Docket 24-275
Parrish
DecidedJun 12, 2025
6-3decision
Source: CourtListener.
Court rules inmates don't need to file a second appeal notice after a court reopens their appeal window
What it does
A notice of appeal filed after the original deadline but before a court formally reopens the appeal period is treated as "early" rather than invalid, and it automatically carries forward to the date the court grants reopening. This means a litigant who already filed a notice of appeal does not have to file a second one after the court reopens the appeal window. The Fourth Circuit's ruling that dismissed Parrish's appeal for lack of a second notice is reversed.
Who benefits
Federal litigants — especially incarcerated people and self-represented (pro se) litigants — who miss the original appeal deadline because they did not receive the court's decision in time, and who file a notice of appeal before the court formally grants reopening of the appeal period.
Who is affected
Federal courts of appeals that had previously required a second, separate notice of appeal to be filed within a reopened appeal window in order to exercise jurisdiction over the case.
Practical impact
Federal litigants who file a notice of appeal late — because they did not receive the court's decision on time — and whose appeal window is subsequently reopened by the court will not lose their appeal simply because they did not file a second notice within the reopened 14-day window. Courts of appeals that had dismissed such appeals for lack of a second notice must now treat the original filing as sufficient.

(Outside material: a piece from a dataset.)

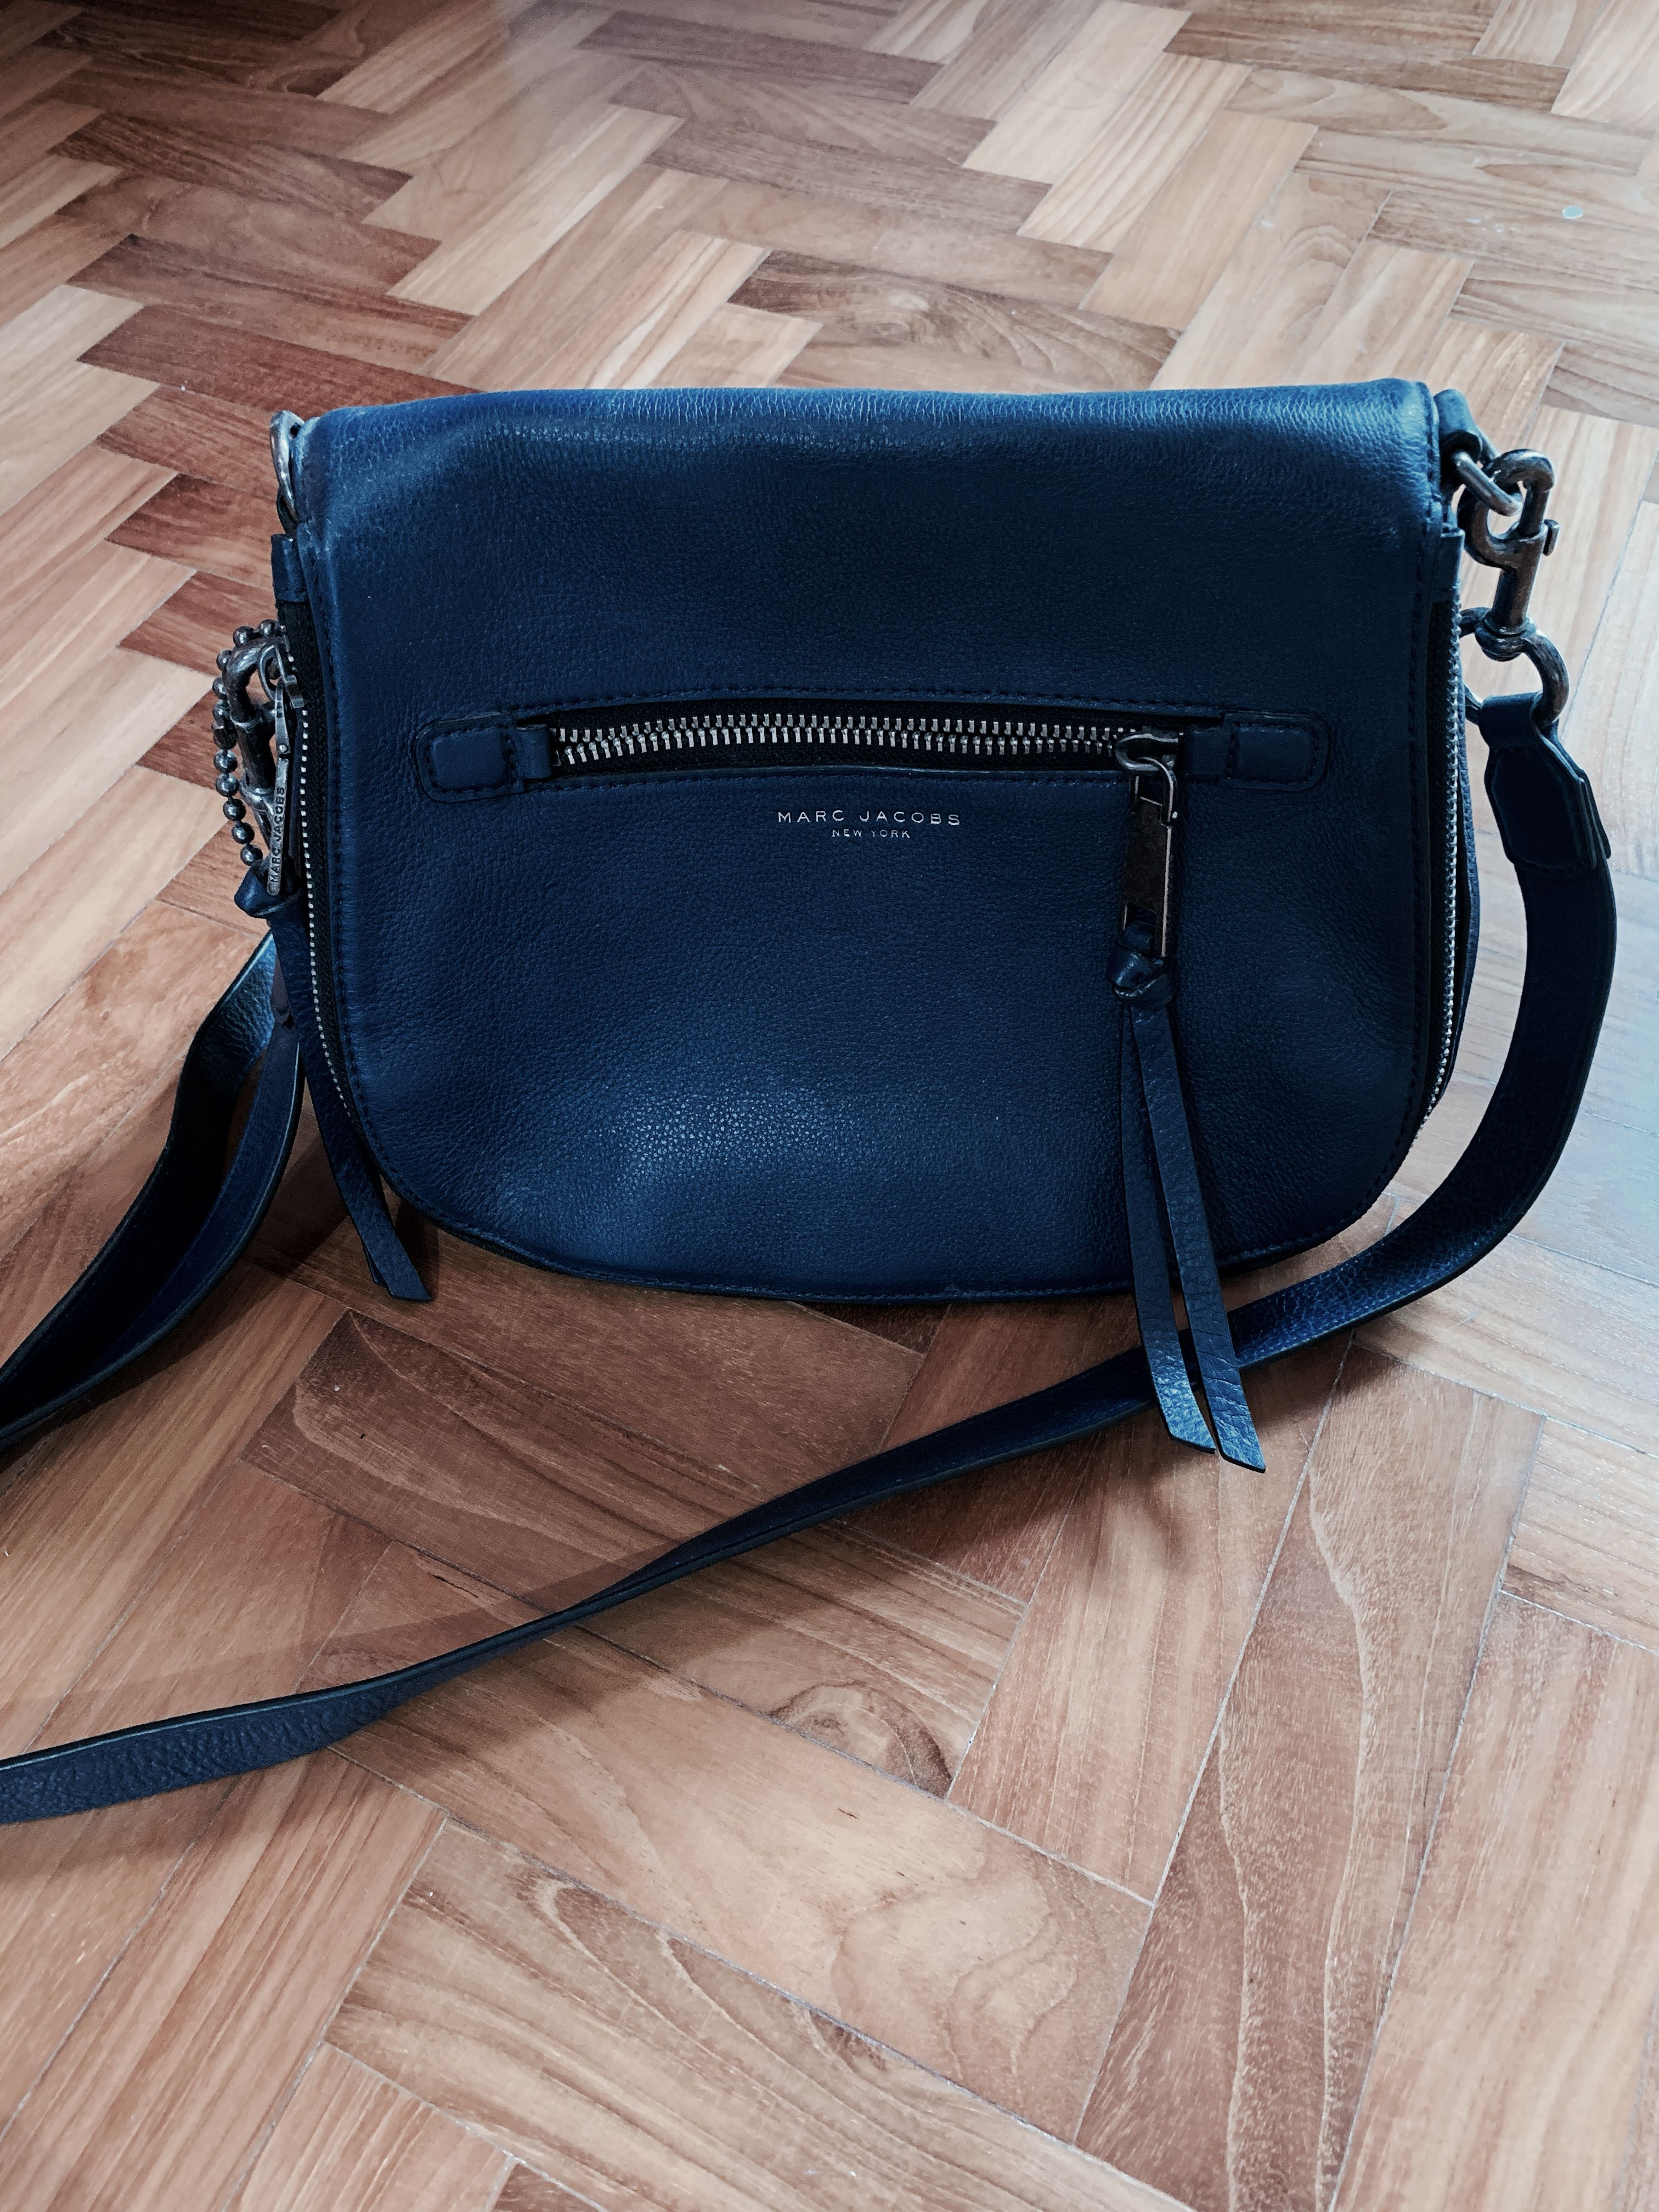 729b8035f9b5 ... Handbags. photo photo photo photo photo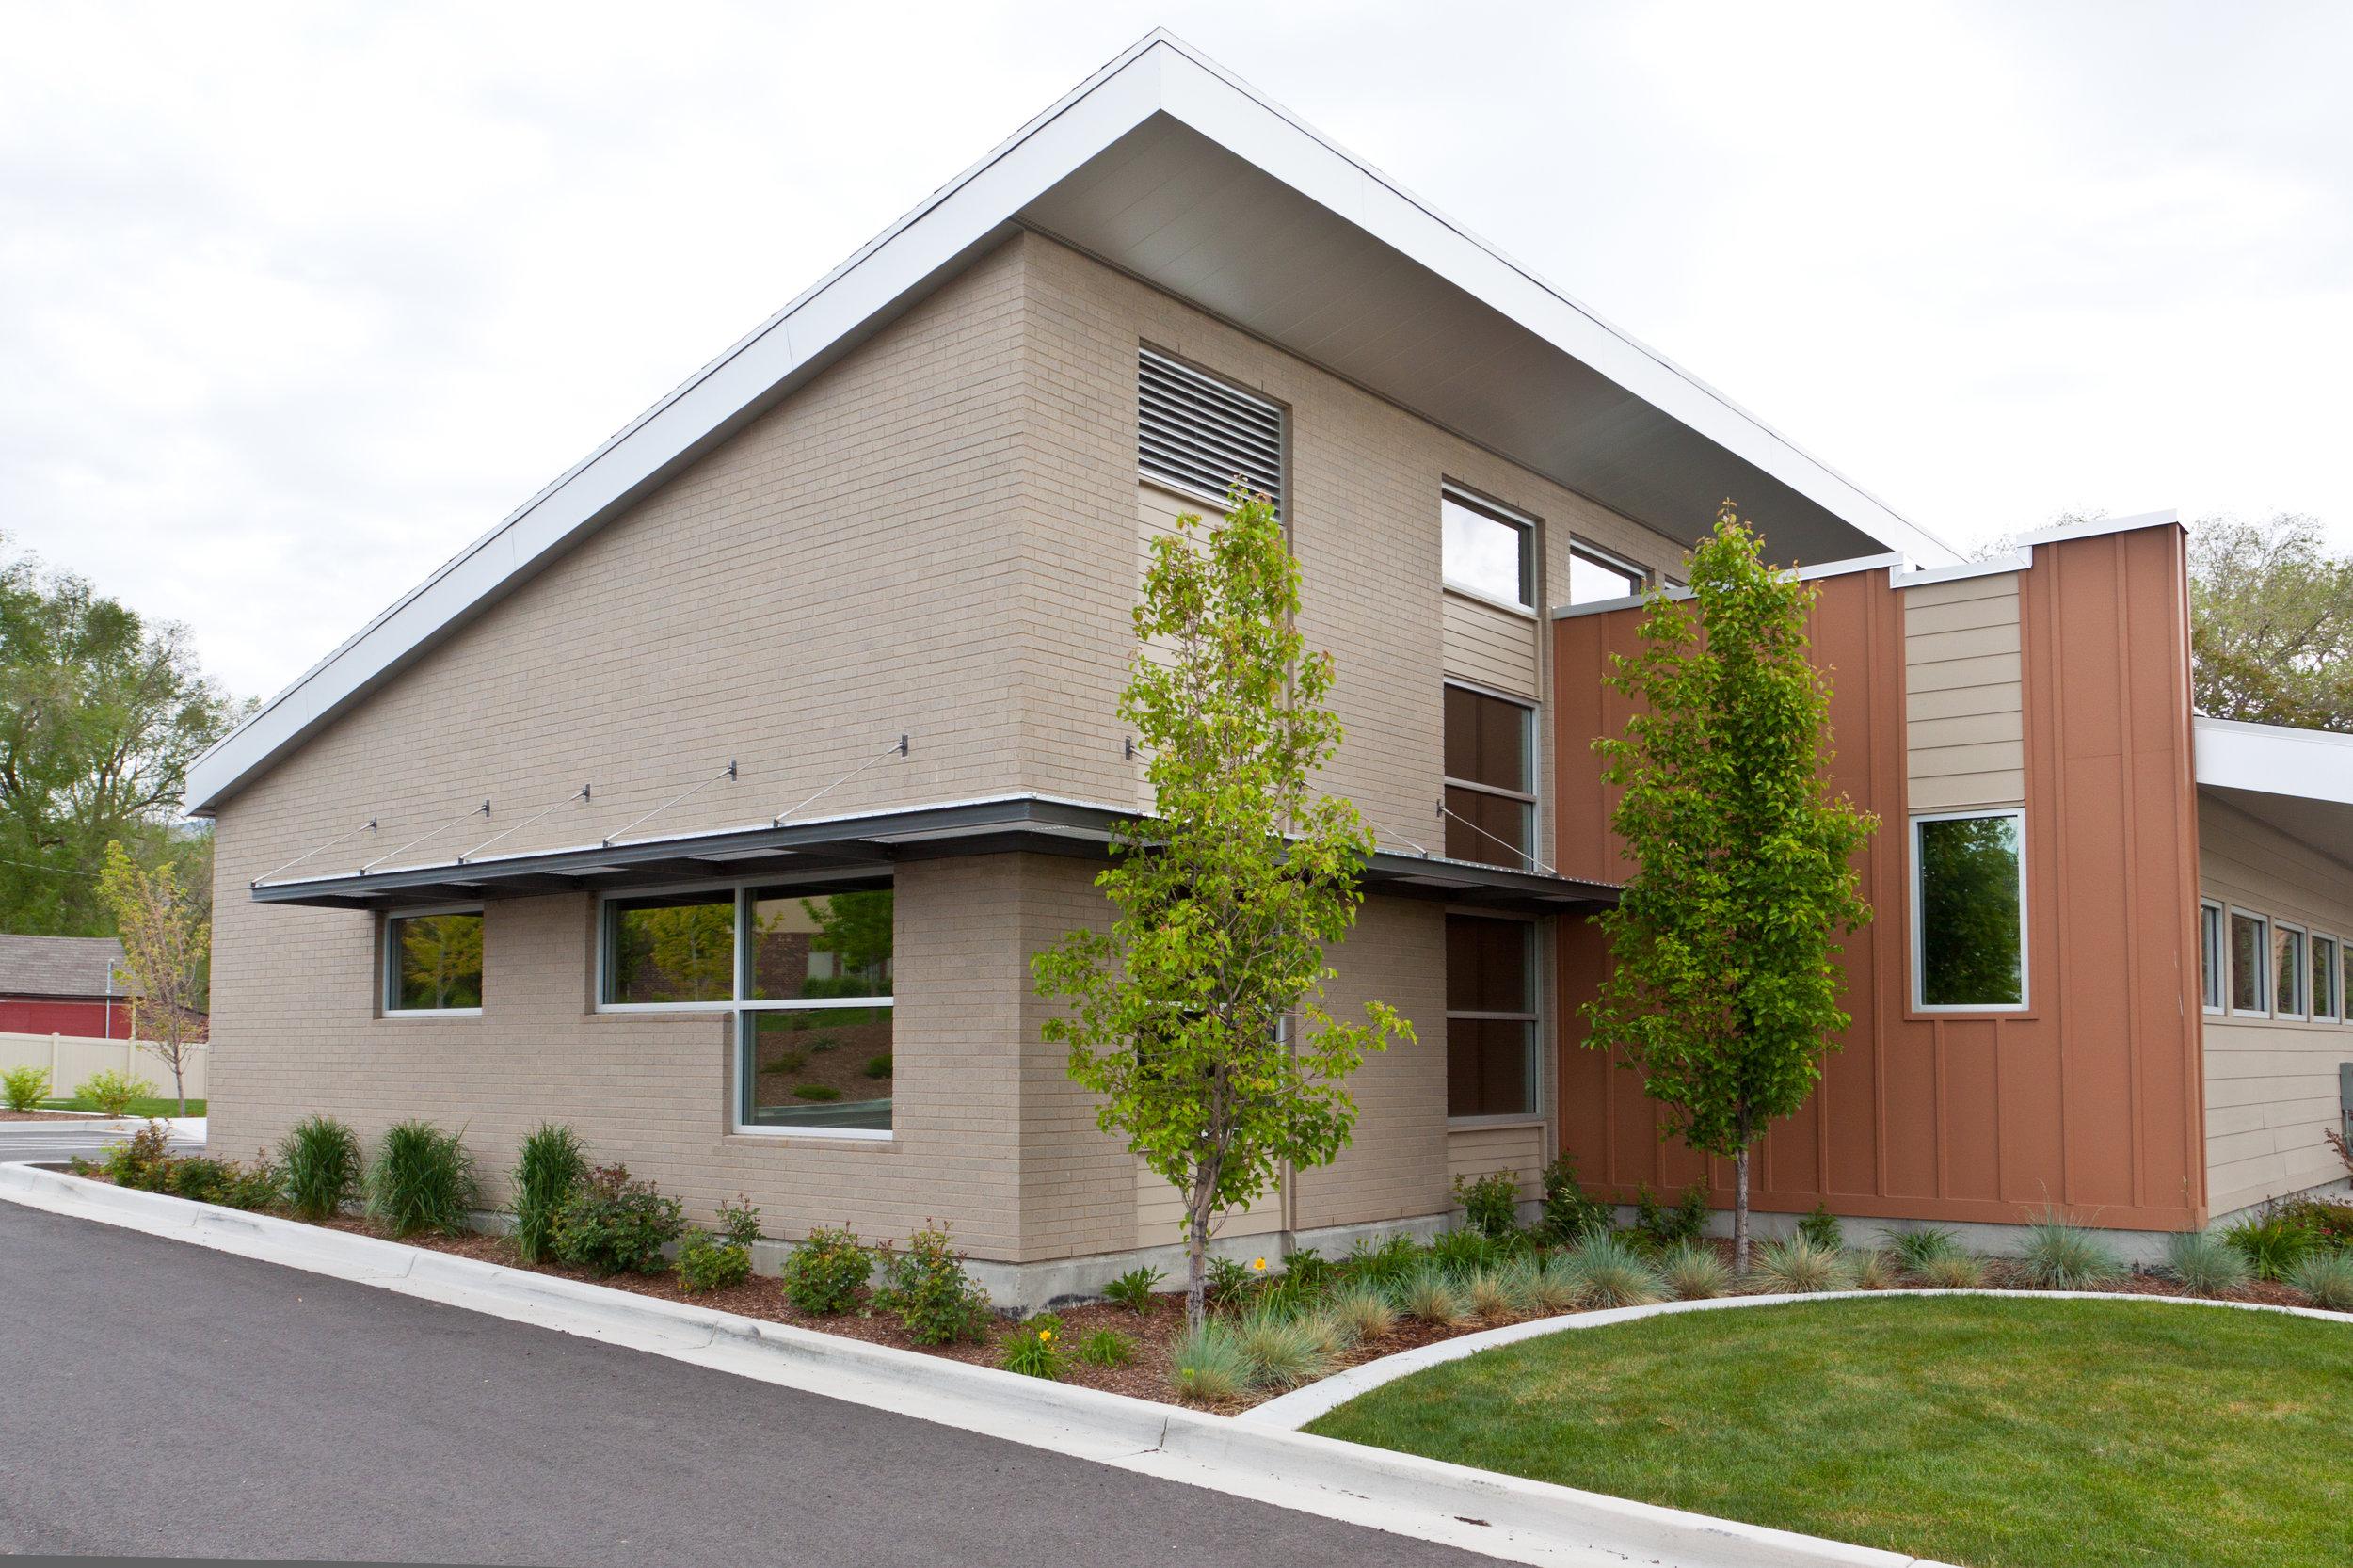 OGDEN HOUSING AUTHORITY OFFICE BUILDING

Incarcerated people, who often face delays in receiving court mail, are particularly protected by this ruling.
Majority — Sotomayor
Joined by: Roberts, Alito, Kagan, Kavanaugh, Barrett
The majority held that a notice of appeal filed before a court grants reopening is merely "early," not invalid, and that a longstanding legal background rule — called the "relation-forward" principle — applies: an adequate but premature notice of appeal is treated as filed on the date the document making the appeal possible is entered. The Court reasoned that Congress, when it created the reopening provision in 1991, would have expected this background rule to continue to apply, because nothing in the statute's text signals an intent to eliminate it. The majority emphasized that the entire purpose of a notice of appeal is to inform the other side and the court who is appealing, from what decision, and to which court — and when that information is already perfectly clear, dismissing an appeal on a technicality serves no legitimate purpose. The Court also found that the Federal Rules of Appellate Procedure are consistent with this result: the Rules already codify the relation-forward principle in other contexts, the Rules Committee previously eliminated a requirement for duplicate notices because it created "a trap for unsuspecting litigants," and the Rules' silence on relation-forward in the reopening context does not imply it is forbidden. Requiring a second notice would be especially harmful to incarcerated and self-represented litigants, who may not receive the reopening order before the 14-day window expires.
Dissent reasoning
In dissent, Justice Gorsuch argued that the Court should have dismissed the case as improvidently granted — meaning the Court should not have taken it up in the first place. He noted that the Advisory Committee on Appellate Rules had already begun studying whether to amend Federal Rule of Appellate Procedure 4(a)(6) to address exactly this problem, and that a rule change could have resolved the issue without a Supreme Court ruling. He expressed concern that by deciding the case now, the Court risks causing the Rules Committee to pause or abandon its own work, leading to less efficient resolution of the underlying procedural question. His position was that the Rules Committee — the body specifically charged with reviewing issues of this kind — should be allowed to complete that work rather than have the Court step in prematurely.
Constitutional question
When a federal court reopens the time to file an appeal because a litigant did not timely receive the court's decision, must the litigant file a brand-new notice of appeal within that reopened window — even if they already filed one before the window was reopened?
Precedent changed
The ruling reverses the Fourth Circuit's decision in Parrish v. United States, 74 F.4th 160 (4th Cir. 2023), and resolves a circuit split; it does not explicitly overrule any Supreme Court precedent, but extends the longstanding relation-forward principle to the reopening context under 28 U.S.C. §2107(c).